Pour s’y retrouver, on doit renoncer à la conception essentialiste de la «race» qui a émergé dans un XIXe siècle pétri de scientisme. La «race» n’existe pas «en soi». C’est la société qui l’invente à partir de traits physiques ou culturels érigés en différence irréductible. Ainsi, aux yeux des islamophobes, les musulmans constituent bien une «race» même si personne n’imagine que les tares qu'on leur attribue trouvent leur origine dans leurs gènes vu leurs origines ethniques multiples et la présence parmi eux de personnes converties appartenant au groupe ethnique majoritaire. Ils sont, de fait, «racisés».

Prise dans le sens de «race sociale», le prisme de la «race» offre une grille de lecture indispensable pour comprendre les sociétés modernes. «Comme le Capital a produit les classes, le patriarcat, les genres, le colonialisme a produit les races. Si le mot fait peur, se chuchote à peine, la chose, elle, n’en finit pas d’exister et de tisser les rapports sociaux. C’est elle qui cimente les discriminations à l’embauche, à l’avancement, au logement, dans l’accès aux loisirs ou aux instances médiatiques et politiques, dans les pratiques policières et judiciaires, etc. ». À une réserve près [2], je reprends à mon compte ce constat formulé en 2009 par Sadri Khiari, qui fut le théoricien du PIR (Parti des indigènes de la République, France) à ses débuts [3]. Depuis, ce constat est devenu un truisme dans le champ de la recherche universitaire en sciences sociales.

S’assumer comme «racisé» n’est pas une option idéologique. C’est simplement ouvrir les yeux sur un réel qu’on se refuse à euphémiser. On peut en tirer des leçons très différentes, comme c'est le cas pour le parti de Rajae Maouane et les décoloniaux belges plus inspirés par le PIR.

« Une lecture marxiste du monde »

En revanche, je m’interroge sur les motivations de ceux et celles qui calent devant un mot aussi anodin. Et c'est là que ça devient vraiment intéressant. Dans son propos, l’éditorialiste de Regards s’insurgeait aussi contre la tendance qu’auraient les individus à mettre leur identité collective en avant, comme si leur sort était surdéterminé par leur appartenance à tel ou tel groupe social – une classe, un genre, une «race». Exactement dans la même veine, dans un billet récent, Nadia Geerts fustigeait «la difficulté de plus en plus grande, essentiellement au sein de la gauche, à poser – sans même parler d’affronter – la question de la responsabilité individuelle» et l’obsession de rechercher «les causes [qui] sont, conformément à une lecture marxiste du monde, nécessairement structurelles».
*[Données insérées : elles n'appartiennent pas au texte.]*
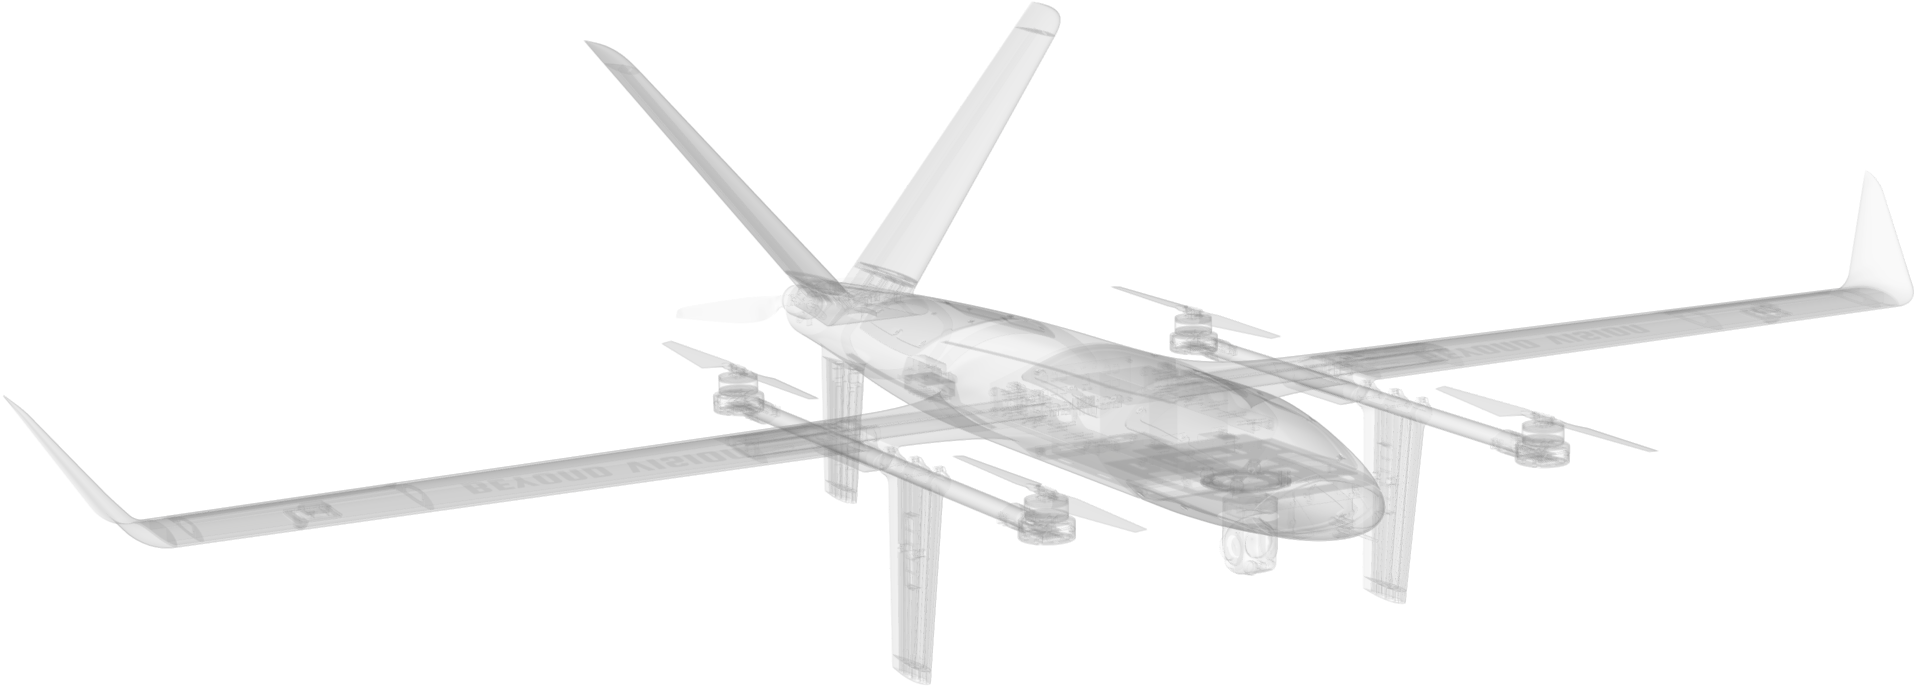 VTOne long range VTOL UAV skeleton

Bien sûr, personne ne peut jamais être complètement réduit à ses déterminismes sociaux. Mais, par définition, ce qui relève de la liberté n’est pas l’affaire des politiques publiques qui ne peuvent agir que sur les phénomènes globaux. D'où ma proposition : selon que vous mettrez l’accent sur la responsabilité individuelle (« Quand on veut on peut ») ou sur les causes structurelles de ce qui vous arrive, on pourra vous situer respectivement à droite ou à gauche du spectre des idées et des politiques qu'elles inspirent.

 

[1] Dans son éditorial de Regards, Nicolas Zomersztajn déplorait que, pour la mouvance qu’il désigne comme «identitaire», «les Juifs ne sont pas acceptés au sein de la famille des “racisés”». En Belgique, je ne repère aucune ambiguïté à cet égard. La grande coalition bilingue Napar, qui regroupe près de 70 associations antiracistes (dont deux juives) est impeccable dans sa manière d’appréhender la minorité juive et l’antisémitisme. Pour ma part, je le revendique : en tant que Juif, je ne suis pas «Blanc» (une autre construction sociale, en miroir) et je m'assume donc comme racisé.

[2] Ma réserve : de même qu’il y a des classes qui préexistaient au capitalisme, il y a des «races» qui préexistaient au colonialisme. Mais ça ne change rien à l’analyse du présent.

[3] Sadri Khiari, La contre-révolution coloniale en France, Paris, La Fabrique, 2009.